(Data excerpts)
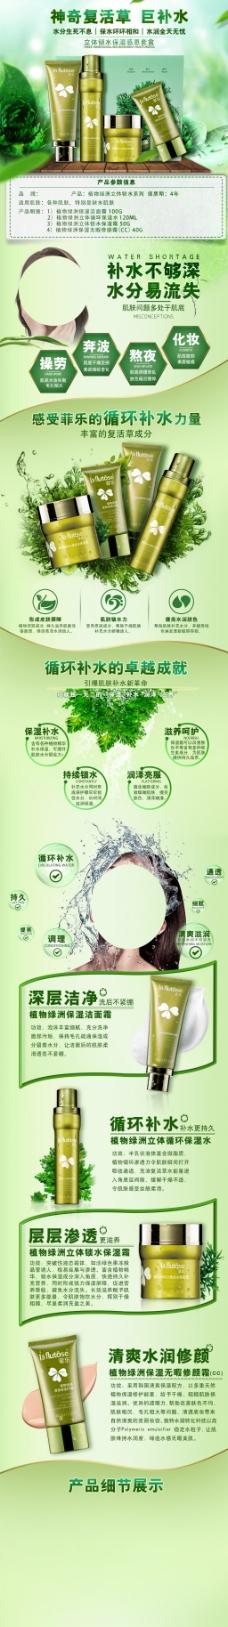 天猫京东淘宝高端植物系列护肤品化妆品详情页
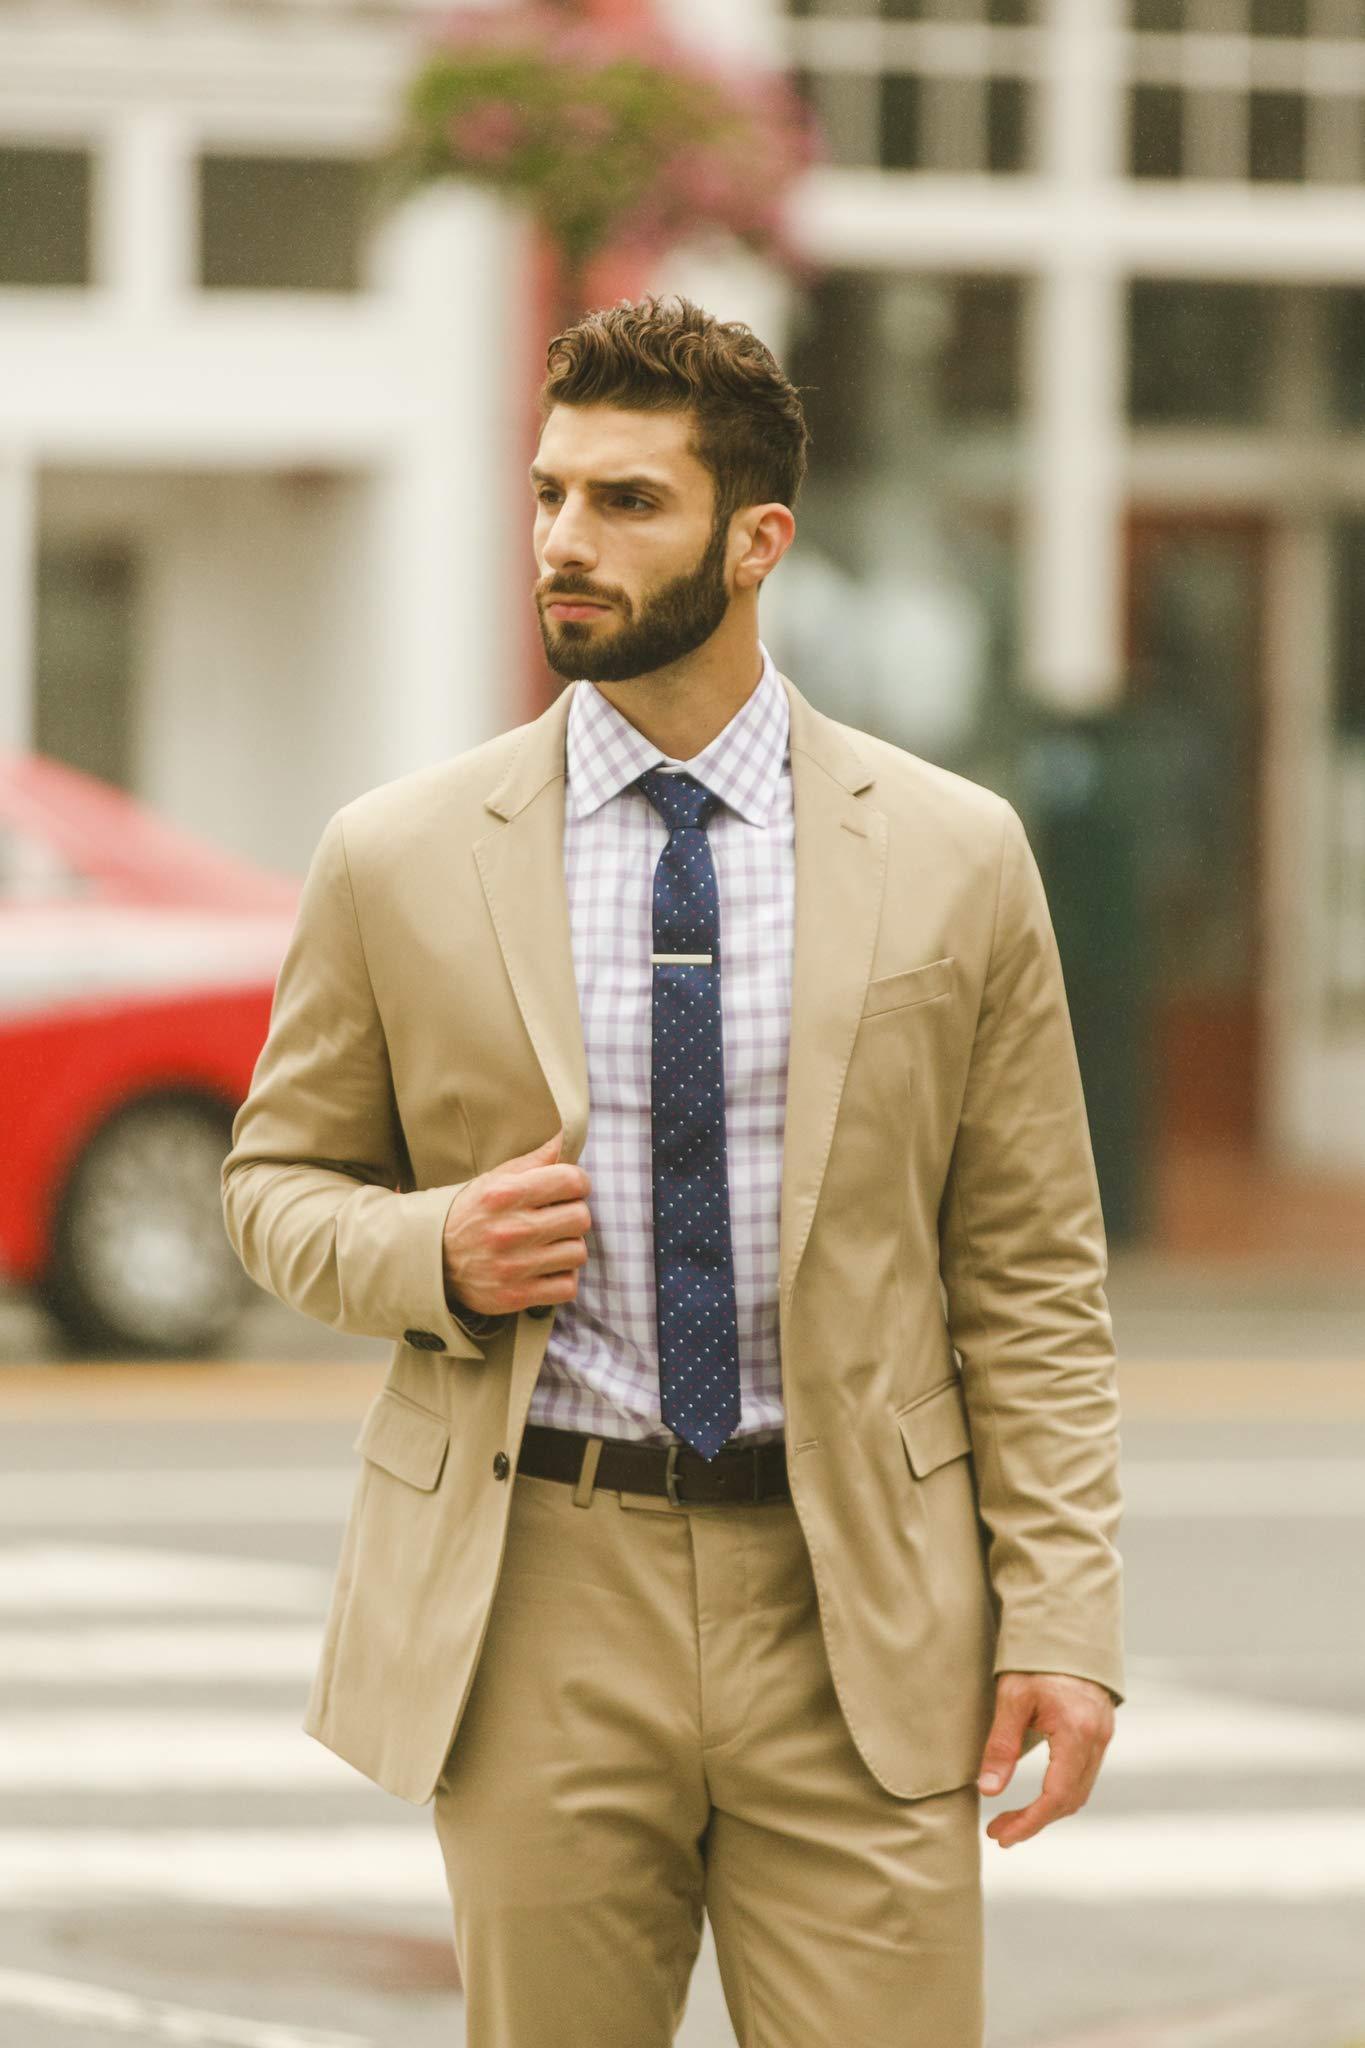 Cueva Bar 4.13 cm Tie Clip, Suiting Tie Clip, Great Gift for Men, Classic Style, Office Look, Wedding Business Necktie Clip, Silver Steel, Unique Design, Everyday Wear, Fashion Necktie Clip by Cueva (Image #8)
(End Data excerpts)
(Data excerpts)
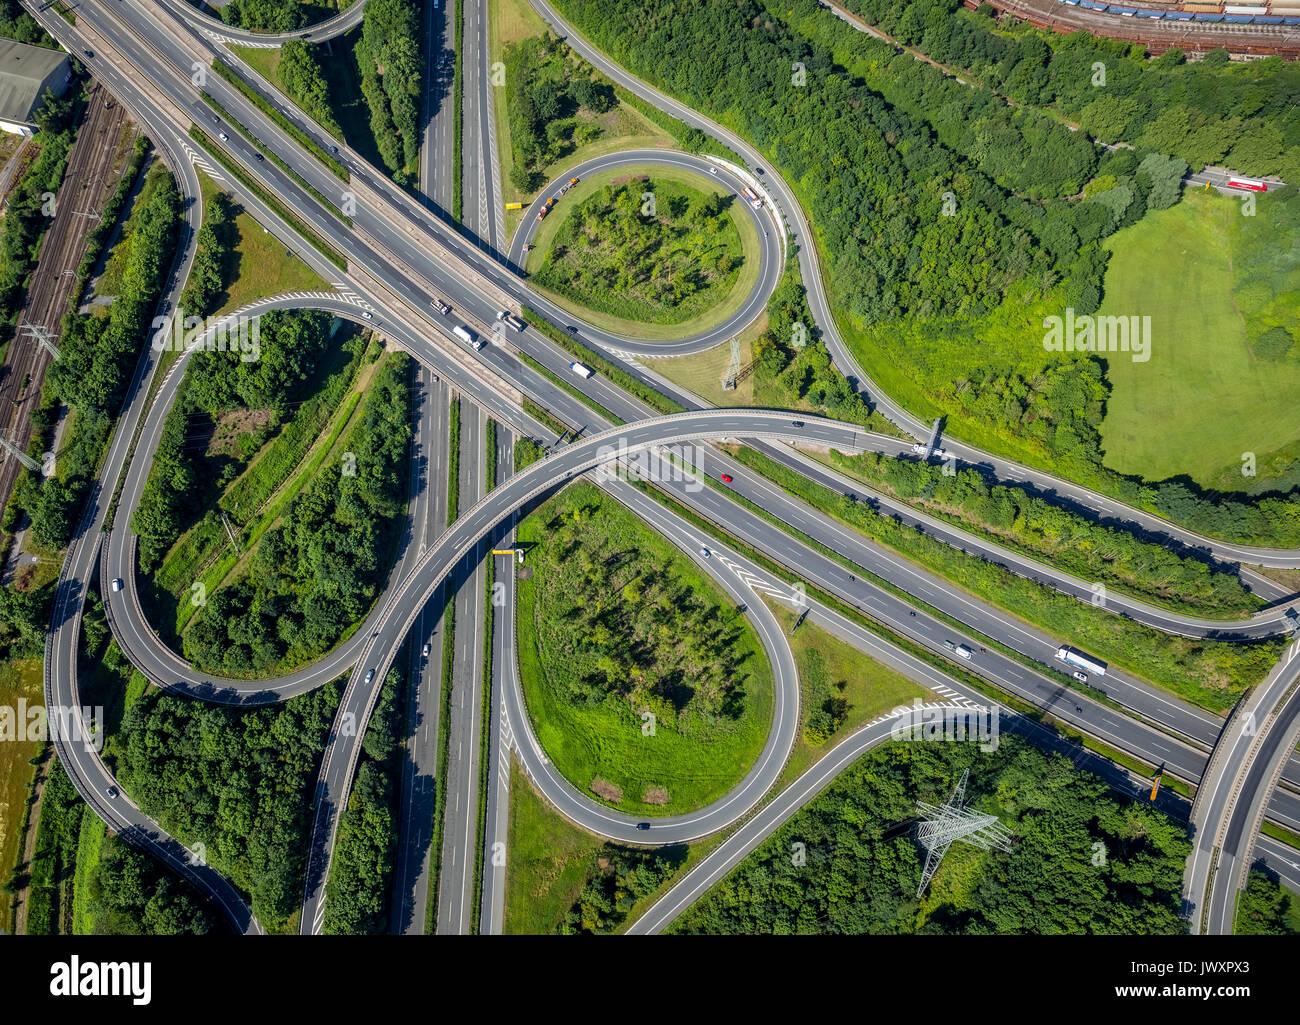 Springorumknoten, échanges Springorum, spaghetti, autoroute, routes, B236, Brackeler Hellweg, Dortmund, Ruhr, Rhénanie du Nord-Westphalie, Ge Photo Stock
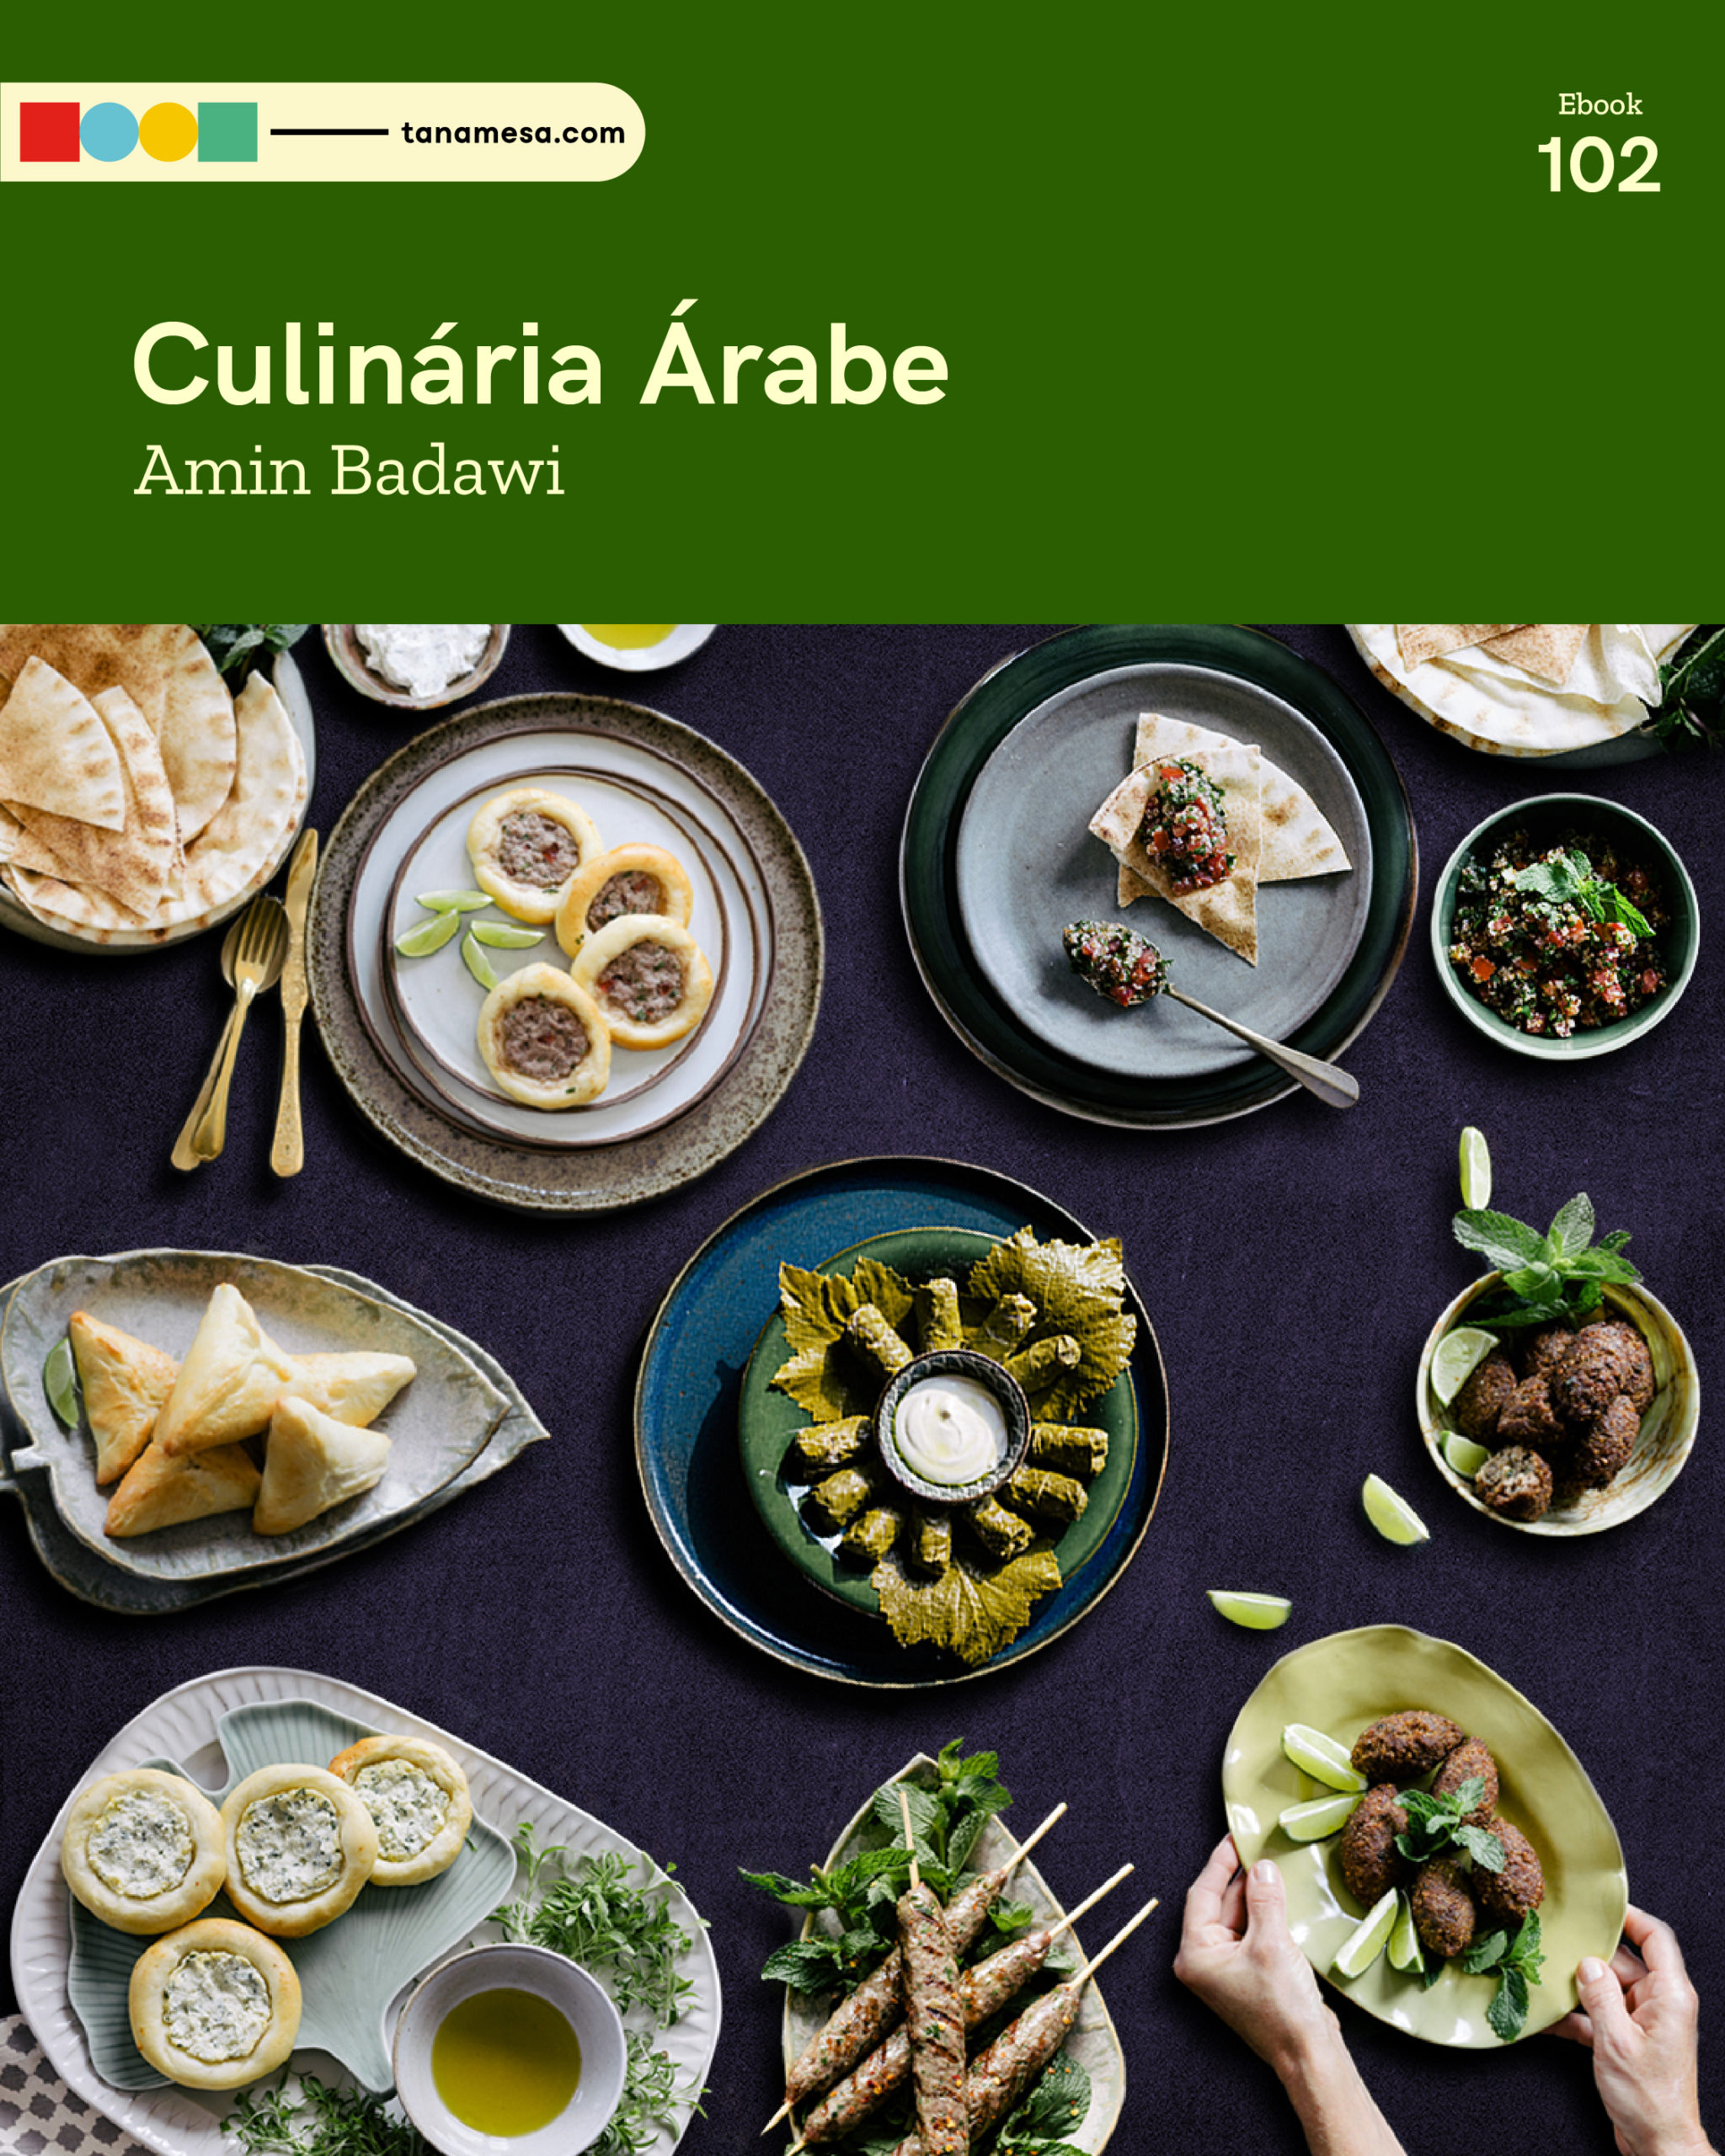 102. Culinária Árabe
(End Data excerpts)
**Exercise aim:** Go to the line above that contains "天猫京东淘宝高端植物系列护肤品化妆品详情页" and reproduce everything exactly from there through the line that contains "Cueva Bar 4.13", leaving out the pictures.

**Task result:**
 天猫京东淘宝高端植物系列护肤品化妆品详情页
 Cueva Bar 4.13 cm Tie Clip, Suiting Tie Clip, Great Gift for Men, Classic Style, Office Look, Wedding Business Necktie Clip, Silver Steel, Unique Design, Everyday Wear, Fashion Necktie Clip by Cueva (Image #8)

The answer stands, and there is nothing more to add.